As it's National Allotment Week I thought I would send you a personal view on allotment life.
Along with millions of others across the country, I work in an office all week with telephones, emails and constant meetings.
An allotment has no phones or computer access. It is a place to get away from the intrusions of the modern world, a place with space to unwind, think and put life in order.
The only sound you hear when watering at 7am are the sounds of the birds going about their business. I have often sorted out life's problems in my head while standing with a watering can in my hand.
It seems crazy now but four years ago, my wife and I had never eaten fresh peas from a pod, dug up our own potatoes or even contemplated growing a squash - I don't think we even knew what one was!
With our own vegetables, we are now practically self-sufficient. From the excitement of choosing our crops to planting them, nurturing them and then reaping the harvest, it is such a rewarding process.
We did not appreciate you could grow vegetables all year round and now enjoy sprouts, cabbage and leeks in the winter, safe in the knowledge they haven't been sprayed with pesticides or flown halfway around the world.
Finally, but most importantly, it is the people we have come across at the allotments who make it so worthwhile.
Those who I have met have been friendly and always ready to offer advice.
The challenges allotment holders face always give us a common bond.
An example comes to mind of our experience at the allotments. Ollie's late wife, Joy, gave us some golden chrysanthemums which they had grown themselves.
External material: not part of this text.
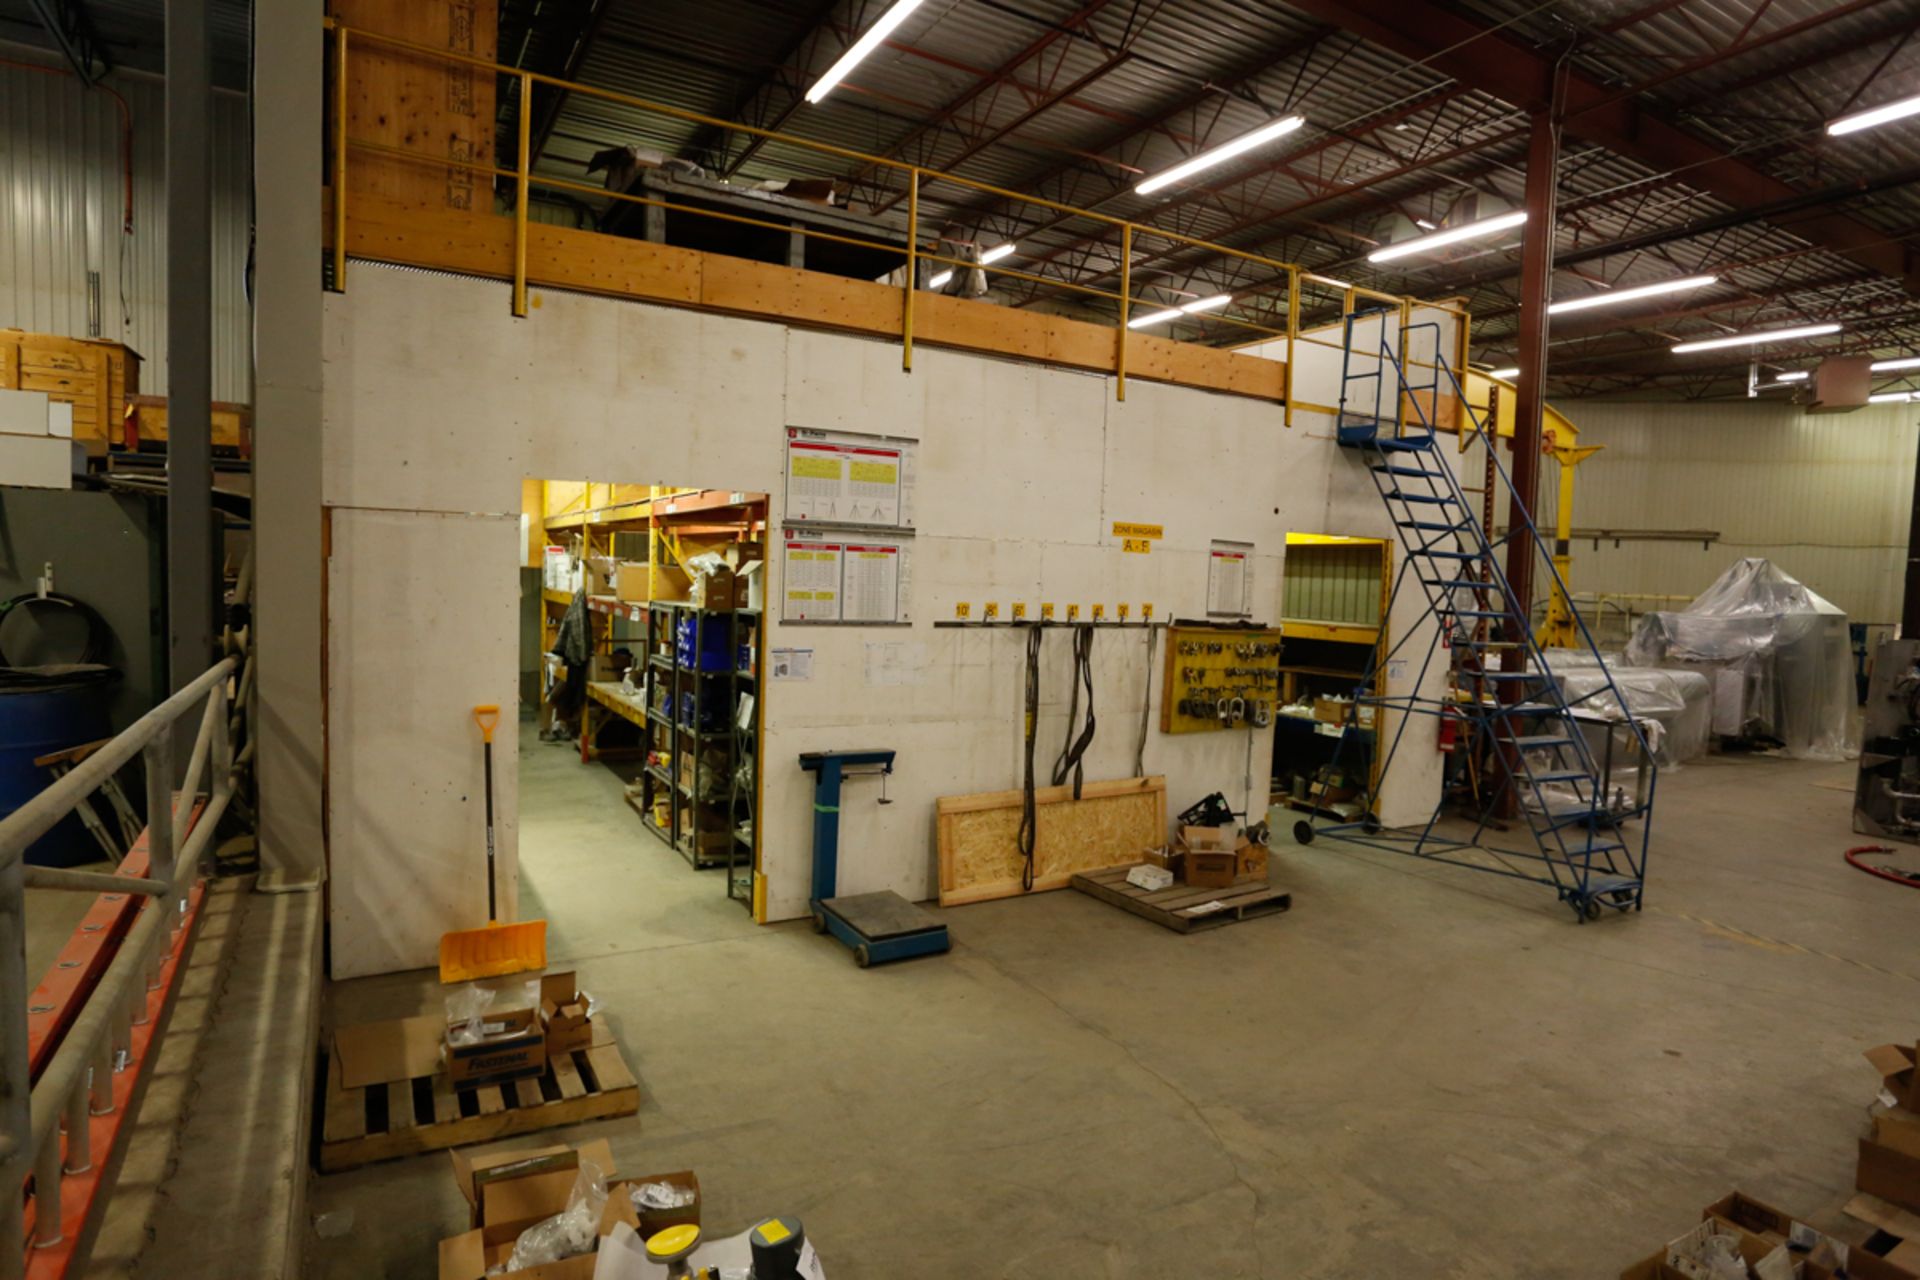 30' X 28' X 12' HIGH MEZZANINE COMPRISING OF 15 SECTIONS OF RACKING, FLOOR & GUARDRAIL

They were beautiful flowers and we instantly had an urge to try to grow our own.
On talking to Glyn he gave us three tubers to over-winter, explaining the process of storing them.
In the spring, Brian showed us how to pot them and look after them. Then, on planting them, George gave us advice on cutting them down to get the biggest blooms.
Now we have a bed of chrysanthemums waiting to burst into flower and each time we look at them all these people's friendships come to mind.
This is just one example and in years to come I hope future generations benefit from similar advice.
Allotments these days have a wide variety of people on them and working the soil provides a common bond between generations, which is surely too great a benefit to be lost to a car park.
The allotment site is such an integral part of our lives that my wife and I cannot understand why it isn't obvious to everyone why they are worth saving.
In today's departmentalised, sanitised, helter-skelter world they offer an opportunity for freedom of expression, good living and comradeship which is hard to beat.